Population (2024-12-31)
- • Total: 6,417
- • Density: 356.9/km^{2} (924.4/sq mi)
- Time zone: UTC+01:00 (CET)
- • Summer (DST): UTC+02:00 (CEST)
- Postal codes: 53545
- Dialling codes: 02644
- Vehicle registration: NR
- Website: www.linz.de

= Linz am Rhein =

Linz am Rhein (/de/, lit. 'Linz on the Rhine') is a municipality in the district of Neuwied, in Rhineland-Palatinate, Germany. It is situated on the right bank of the river Rhine near Remagen, approx. 25 km southeast of Bonn and has about 6,000 inhabitants. It is the sister city of Marietta, Georgia in the United States, Linz in Austria and Pornic in France.

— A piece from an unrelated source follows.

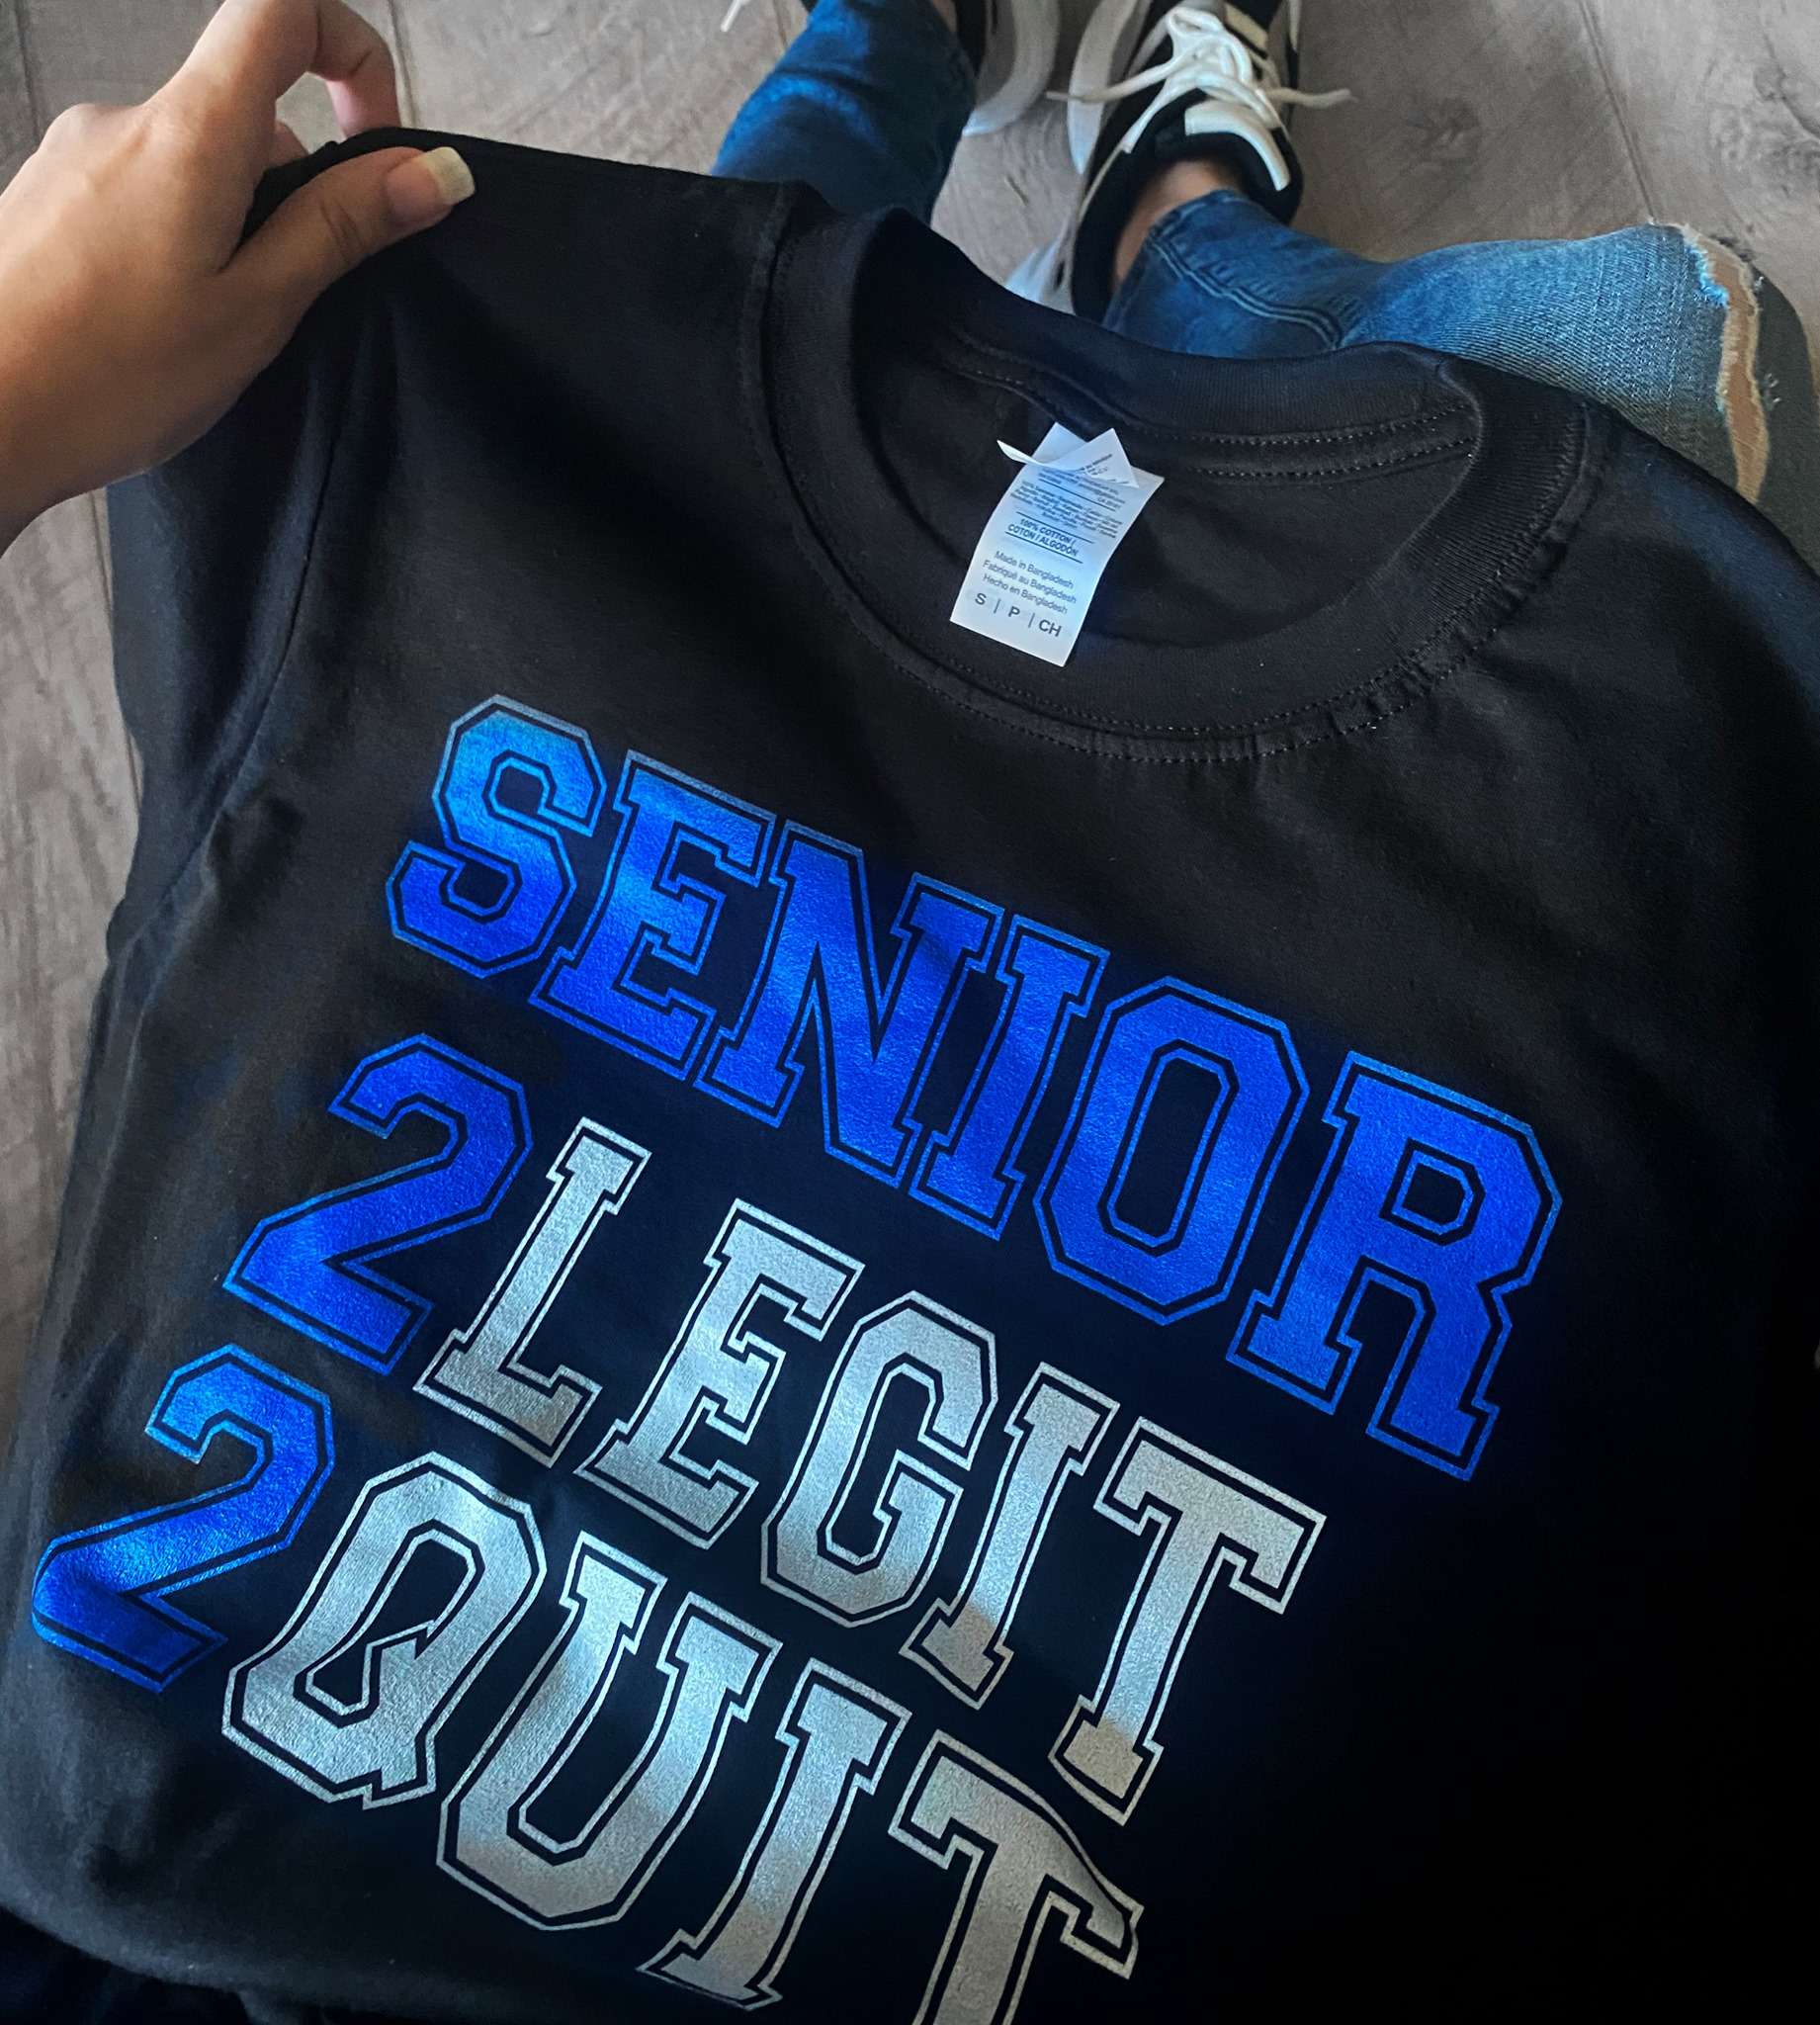 Senior 2022 - Legit quit, Student of 2022
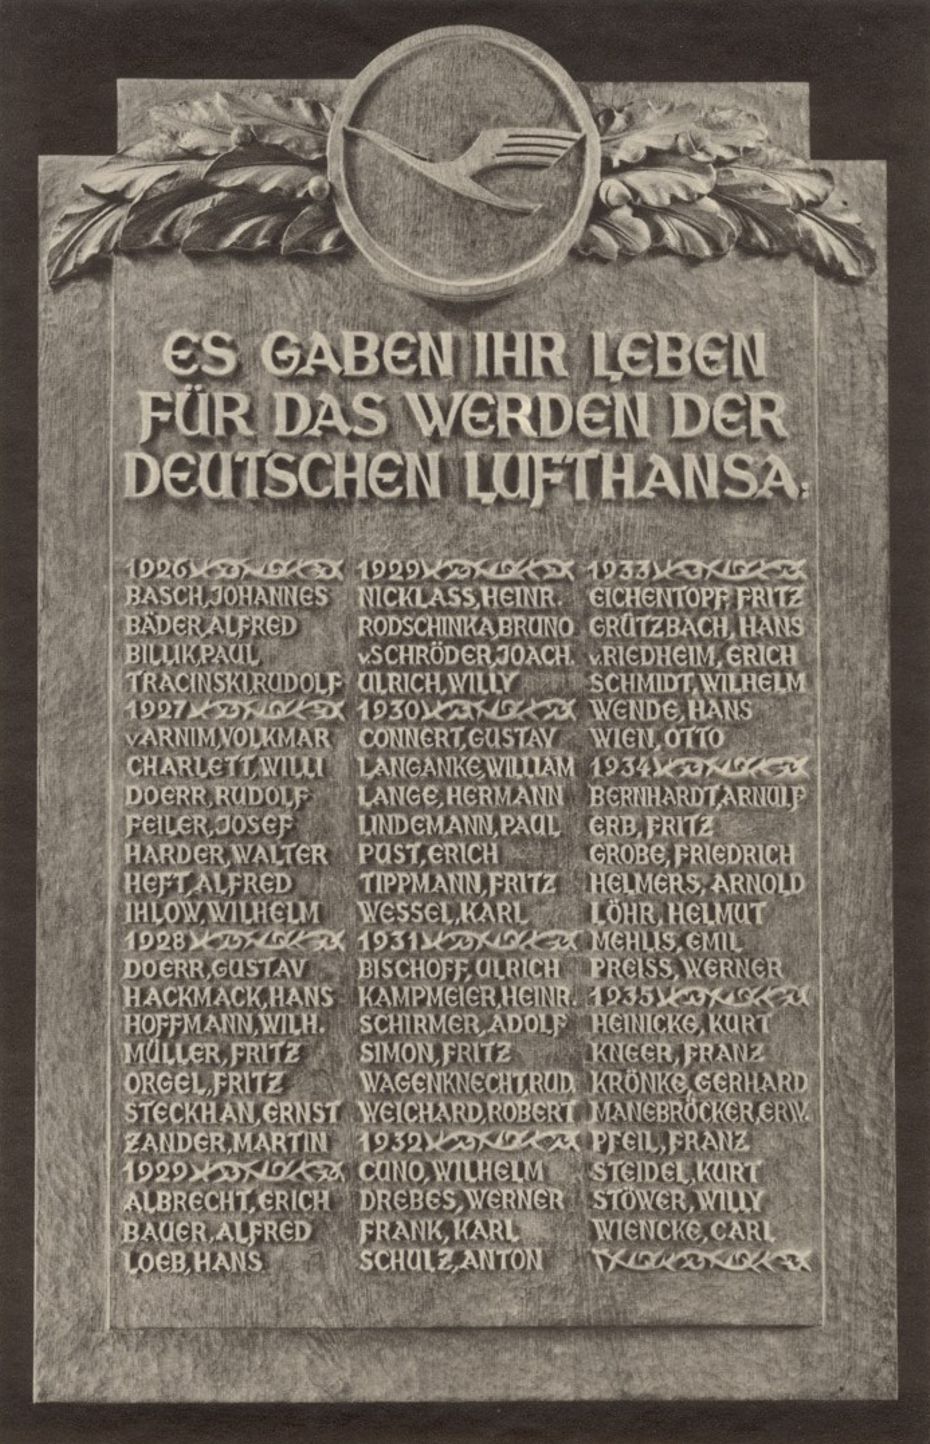 Liste der zwischen 1920 und 1920 verunglckten Piloten der Lufthansa

Linz is the seat of the Verbandsgemeinde ("collective municipality") Linz am Rhein.

The town is also a destination for tourists thanks to its location next to the Rhine river and its colorful half-timbered houses.

==History==
The town of Linz was first mentioned in an official document in 874 and called "Lincesce".

Between 1206 and 1214 the parish church of St. Martin was built at the most elevated spot of the town. A former church, which was located at the same place, had been destroyed during the fights of Otto IV and Philip of Swabia in 1198. During reconstruction work in 1981 the remains of graves and foundations belonging to the former church were found.

The most important political decision for Linz was taken in the late Middle Ages. Between 1304 and 1332 Linz was officially awarded city status by the Archbishop of Cologne, Heinrich II of Virneburg. Shortly after having been declared a "city", the castle Burg Linz was built.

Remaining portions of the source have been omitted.